Согласно Амвросию Медиоланскому в этот день: «достойно и праведно есть, братия, после торжества Пасхи, которое мы праздновали, разделить радость нашу со свв. мучениками, и им, как участникам страданий Господа, возвестить славу воскресения Господня»[18].

Народная традиция поминовения усопших в понедельник или вторник Фоминой седмицы обусловлена тем, что, согласно Типикону, после Фомина воскресенья по будням возобновляется пение литии по усопшим, прекращавшееся с Великого четверга[19]. При этом, на богослужении Радоницы церковный устав не предполагает «ничего специально заупокойного», поскольку вторник Фоминой седмицы приходится на период попразднства Антипасхи. Традиция совершения на Радоницу заупокойной службы, копировавшей службу Троицкой субботы, критиковалась литургистами в лице Афанасия (Сахарова) на том основании, что Устав не допускает смешения скорбно-заупокойного и торжественно-праздничного[20].

Церковь осуждает некоторые народные обычаи этого дня (поминовение алкоголем и т. д.), называя их «языческими». В частности, о ситуации начала XX века говорится: «До настоящего времени в некоторых местах существует возмутительный обычай сопровождать послепасхальные поминовения усопших диким пьяным разгулом. <…> Всё Киевское приходское духовенство <…> увещевало прихожан оставить этот грешный обычай справлять чисто по-язычески пьянственную тризну на гробах своих усопших»[21].

Празднование Радоницы

В Смоленской губернии

На Радоницу «пекут драчёну, варят кашу, жарят «яешню», красят яйца, пекут пироги, лепёшки или блины (тоненькие из пшеничной муки). Накладывают каши целую чашку, хорошенько помаслят, сверху положат пирог, а в другую чашку кутьи, блинов или лепёшек, драчену, яешню, сверху варёных красных яиц; свяжут все тряпкою. Хозяин приготовляет водку; смотря по достаткам — полштофа или два, а когда родня большая и двор богатый, то и целую баклашку, гарчик, да и отдельно ещё бутылочку для особенно дорогих или почётных гостей, крепко настоенную стручистым перцем»[22].

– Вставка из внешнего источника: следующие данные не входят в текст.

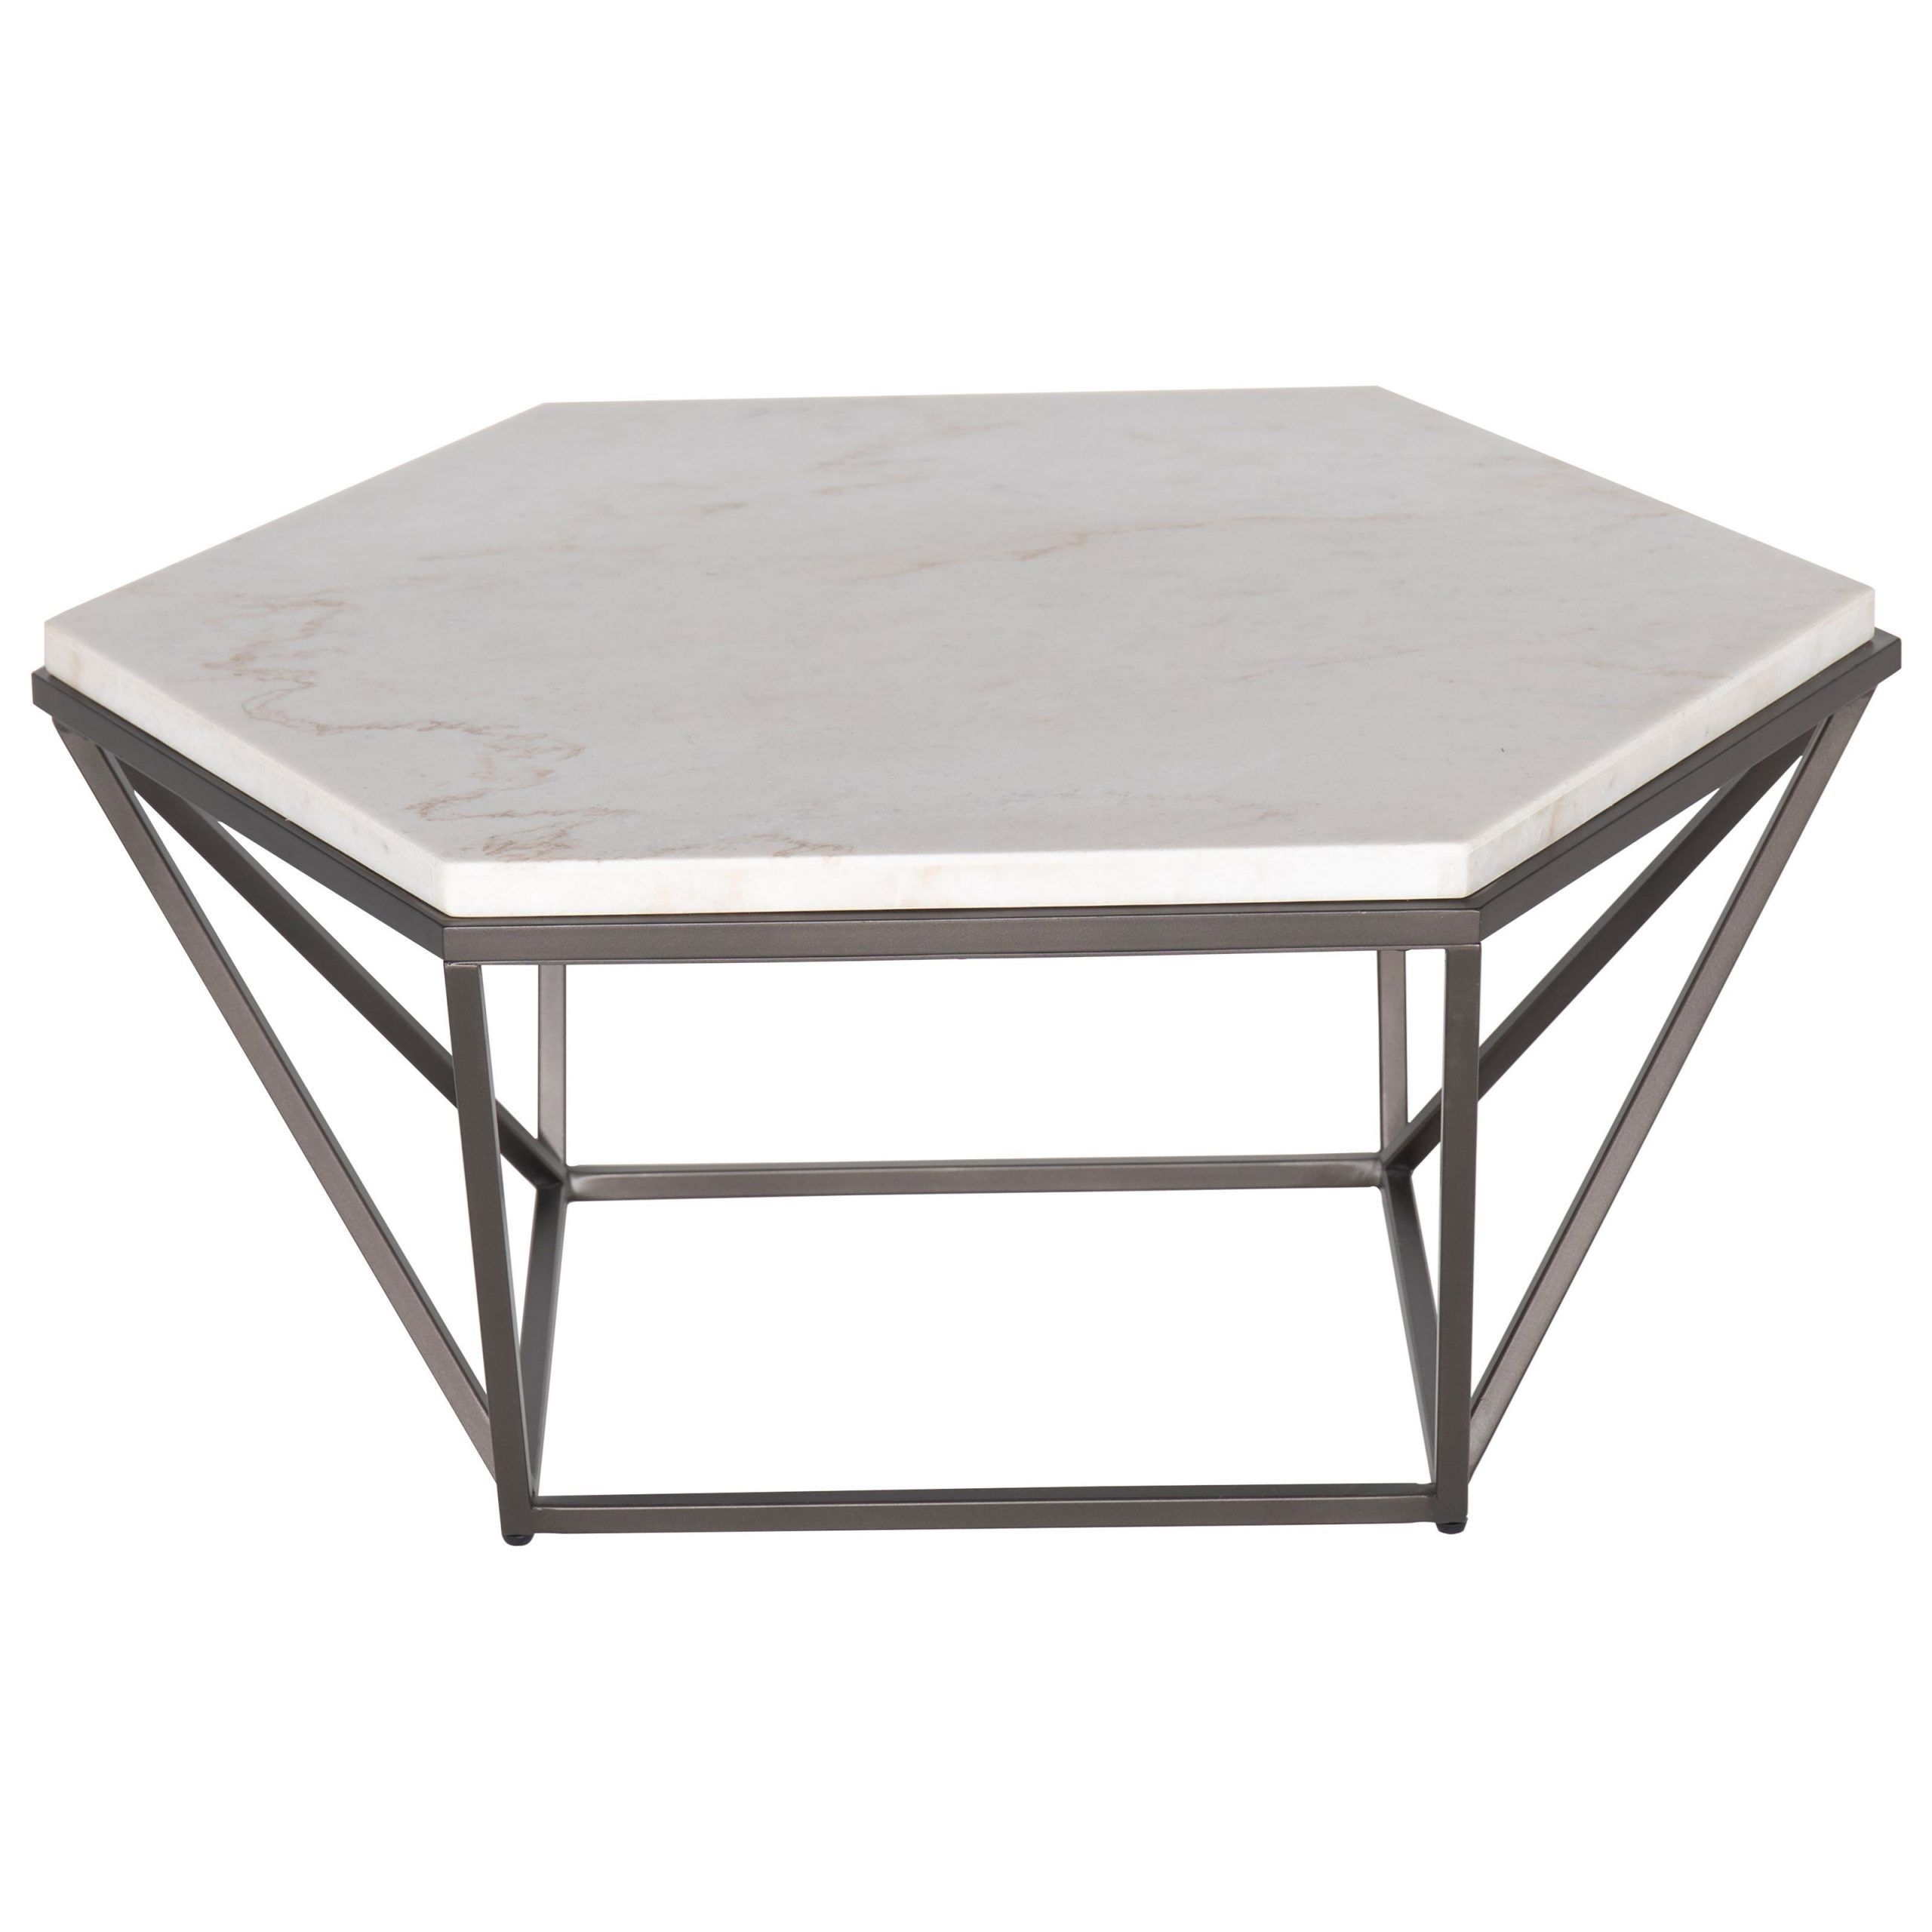 Steve Silver Corvus Contemporary Cocktail Table With Intended For White Grained Wood Hexagonal Coffee Tables (View 5 of 15)

После совершения священником церковной панихиды:

Хозяин одно крашеное яйцо закапывает в землю, христосуется таким образом с умершим, священник уходит, а семья садится вокруг могилы. Хозяин и близкие родные начинают выть по умершим, потом и они садятся вместе с другими, начинают выпивать вотычку, едят все кушанья, которые принесены на могилу. Тут бывают и старцы, и бобылки безродные. Каждый оделяет их всем имеющимся: кушаньем, так и водкою. А потом вздремнувши и потянувшись хорошенько, после непродолжительного сна, возвращаются домой. Некоторые ещё сидят, разговаривают, проводят время, как дома. Курить не воспрещается. «Покойник любил курить — покурим». Старики и старухи вечером остаются дома, а молодые парни, мужики и бабы, а также девки идут к кабаку, водят хороводы, играют в горелки, поют песни, веселятся, оправдывая таким образом пословицу: «Радоница по обеду плачет, а после обеда скачет». На Радоницу мальчишки борются, пробуют крепость яиц, «играют на убитки»[23].

В других местах
В других губерниях Российской империи Радоница была днём домашнего и церковного поминовения, когда навещать усопших на кладбище было не принято. Так, на северо-востоке России, а также кое-где в Белоруссии на Радоницу готовили баню для мёртвых, оставляя для них воду с веником, чистое бельё, а сами при этом не мылись и даже не заходили в баню; наутро на золе, рассыпанной на полу, искали следы умерших. На Черниговской губернии вторник Фоминой недели назывался Радульные деды; считалось, что предки в этот день приходят домой, поэтому для них на окно выставляли воду и сыпали крошки; на стол выставляли три перемены блюд («завтрак», «обед» и «ужин»), после чего «диды шли да дому». На Украине и в Белоруссии сохранился обычай по завершении Радоницы мыться в бане (что может быть истолковано и как очистительный обычай, и как отмена запрета на мытьё в бане, соблюдаемого в некоторых местах со Страстного четверга до Радуницы).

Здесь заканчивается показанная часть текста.